In computer science, understanding the concept of inversions in an array is crucial. Inversions provide insights into the order and arrangement of elements within an array and have significant applications in various algorithms. In this article, we will learn what is inversion count in an array and how to count inversions in an array.

## What is Inversion in an Array?

Inversions in an array occur when two elements are out of their natural order. In simple terms, it implies that the higher-valued element appears before the lower-valued element in the array, violating the expected ordering.

To formally define inversions in an array, we can use the concept of indices. Consider an array A of length n. If we have indices i and j such that 0 ≤ i < j < n, and A[i] > A[j], then we have an inversion (A[i], A[j]).

For example, let's consider the array [2, 4, 1, 3, 5]. The inversions in this array are (2, 1) and (4, 1) since the elements 2 and 4 appear before 1 in the array, violating the ascending order.

## Counting Inversions in an Array

Counting inversions in an array refers to the process of determining the total number of inversions present within the elements of the array.

The counting inversions problem is not only interesting in its own right but also has various applications in algorithmic analysis and problem-solving.
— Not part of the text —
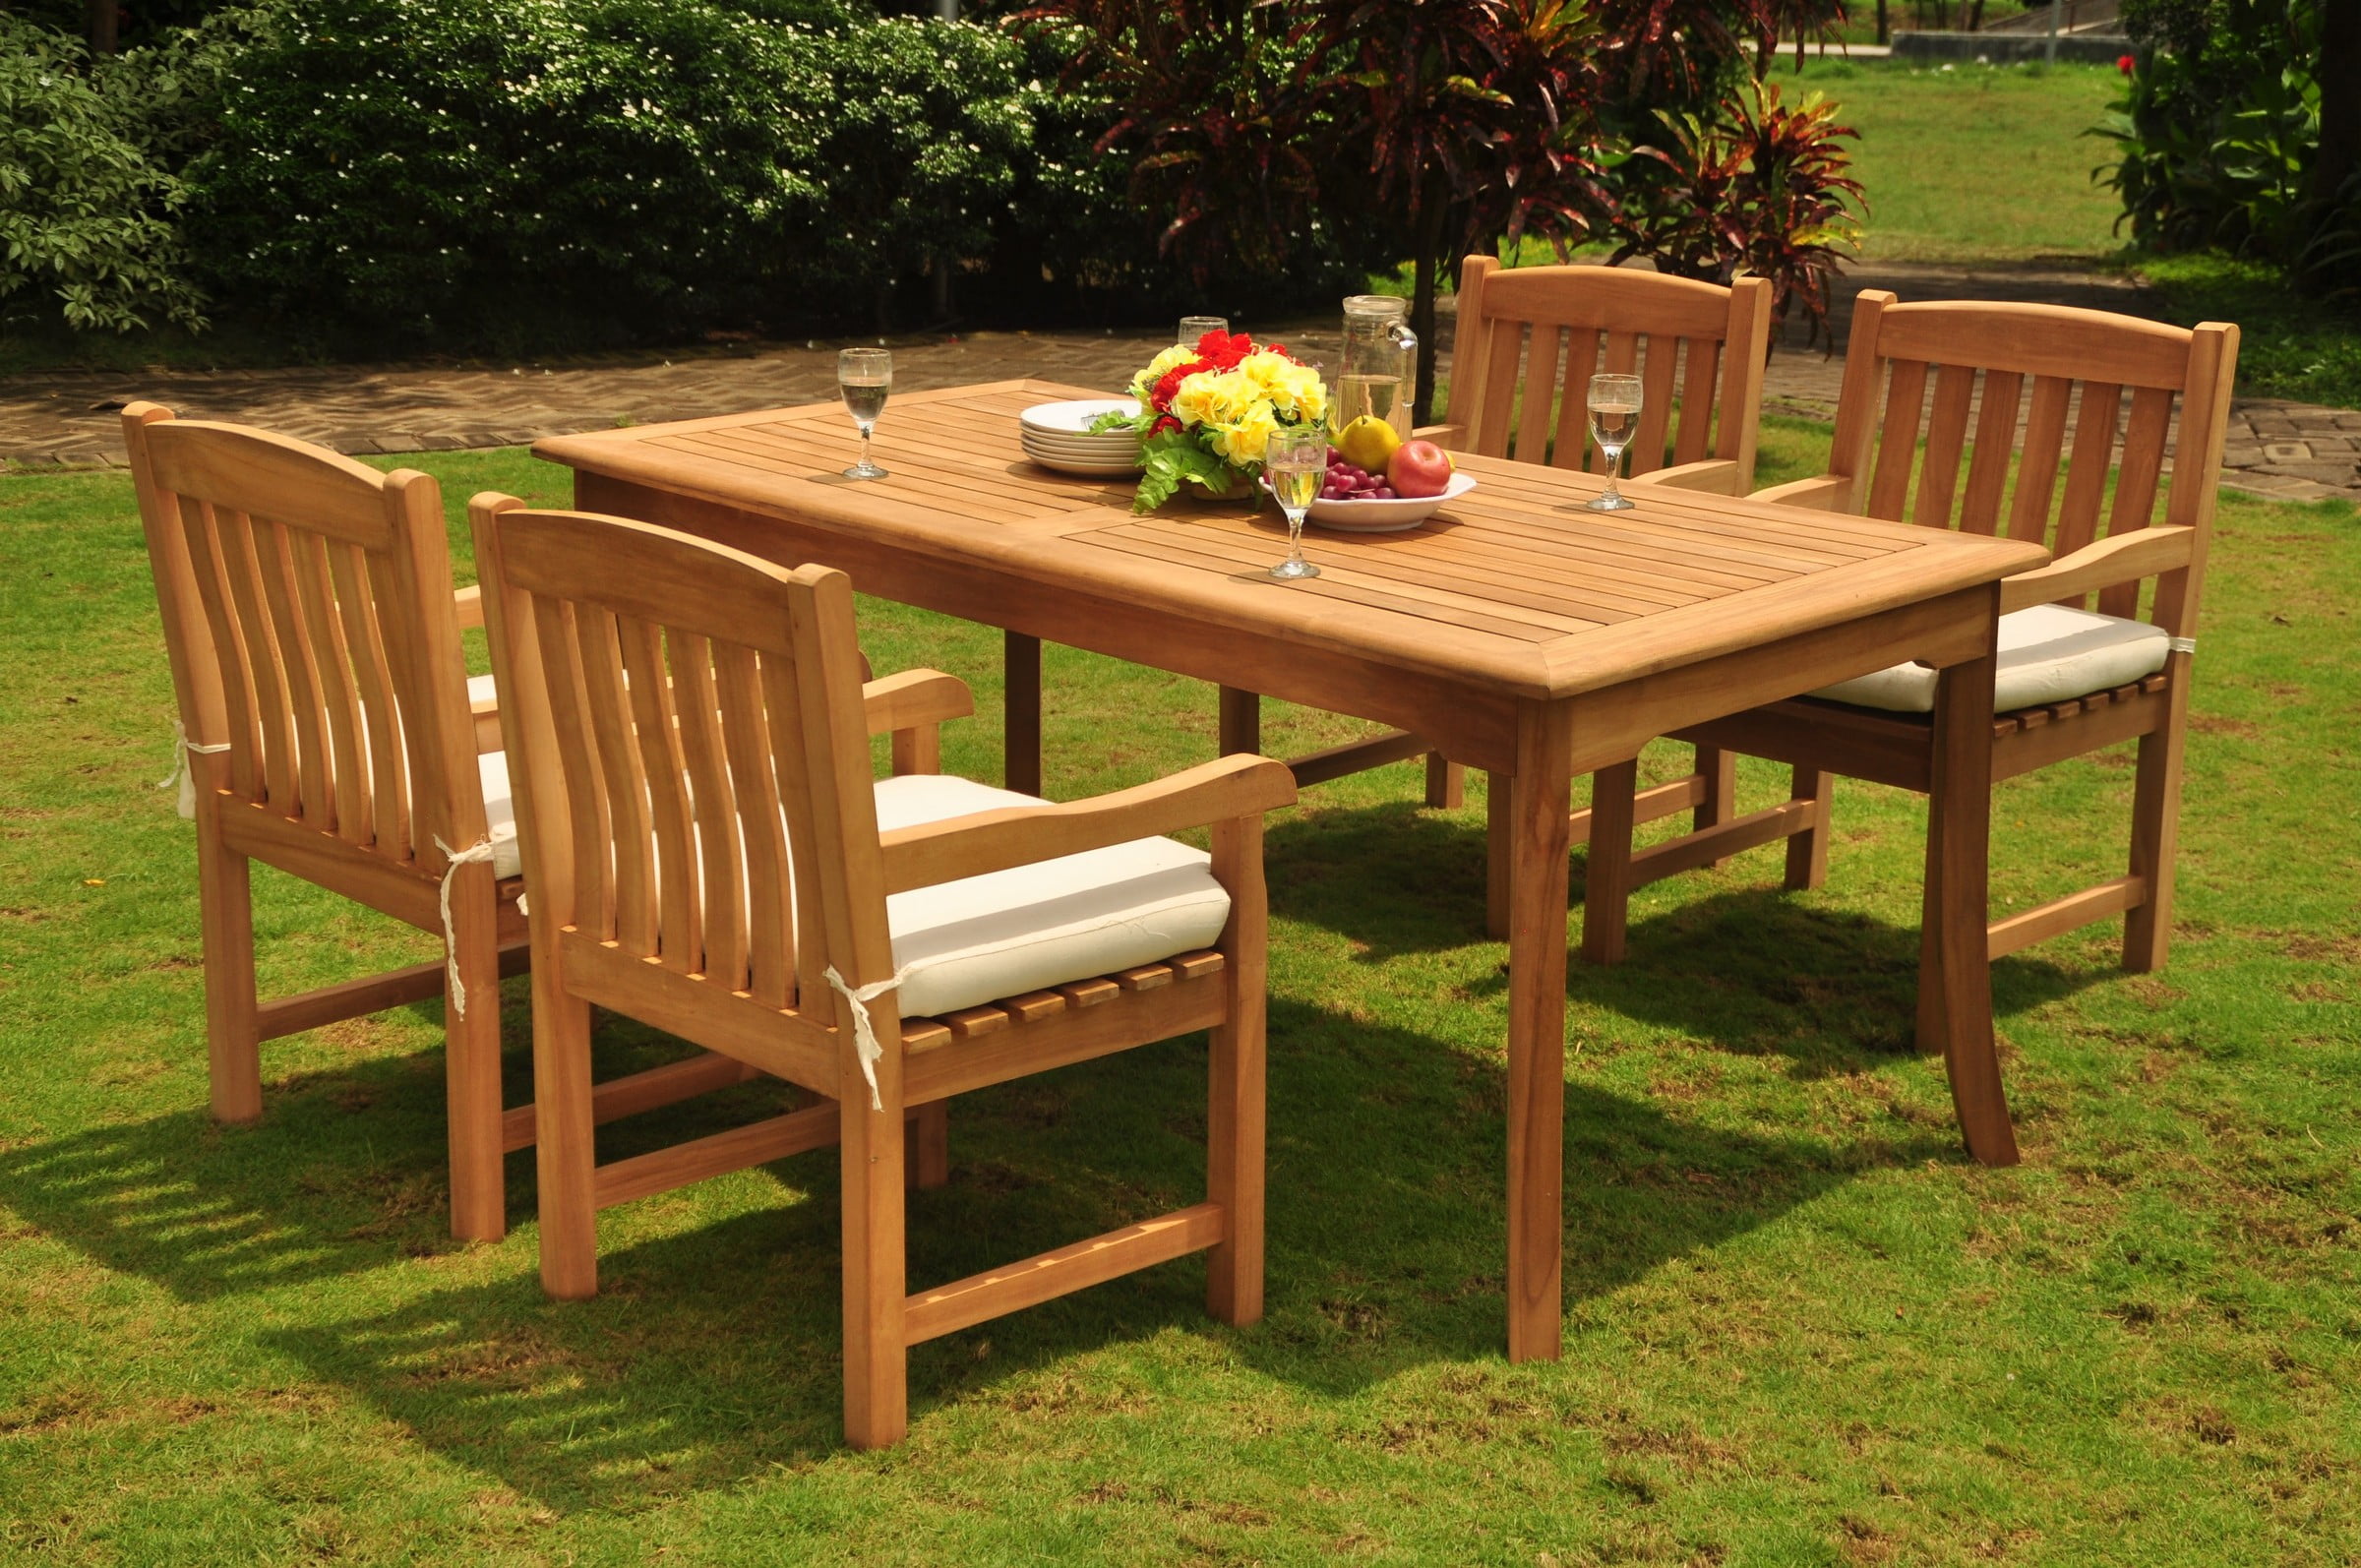 Affordable Teak Dining Table: Quality Furniture On A Budget

It provides insights into the degree of disorder or "sortedness" of an array and can serve as a basis for implementing sorting algorithms or detecting similarities and differences between sequences.

There are multiple algorithms to count inversions in an array. We'll explore two popular approaches:

### Brute Force Approach

The brute force approach involves comparing every pair of elements in the array to identify inversions. This approach has a time complexity of O(n^2) since it requires examining all pairs. While simple to implement, it is not efficient for large arrays.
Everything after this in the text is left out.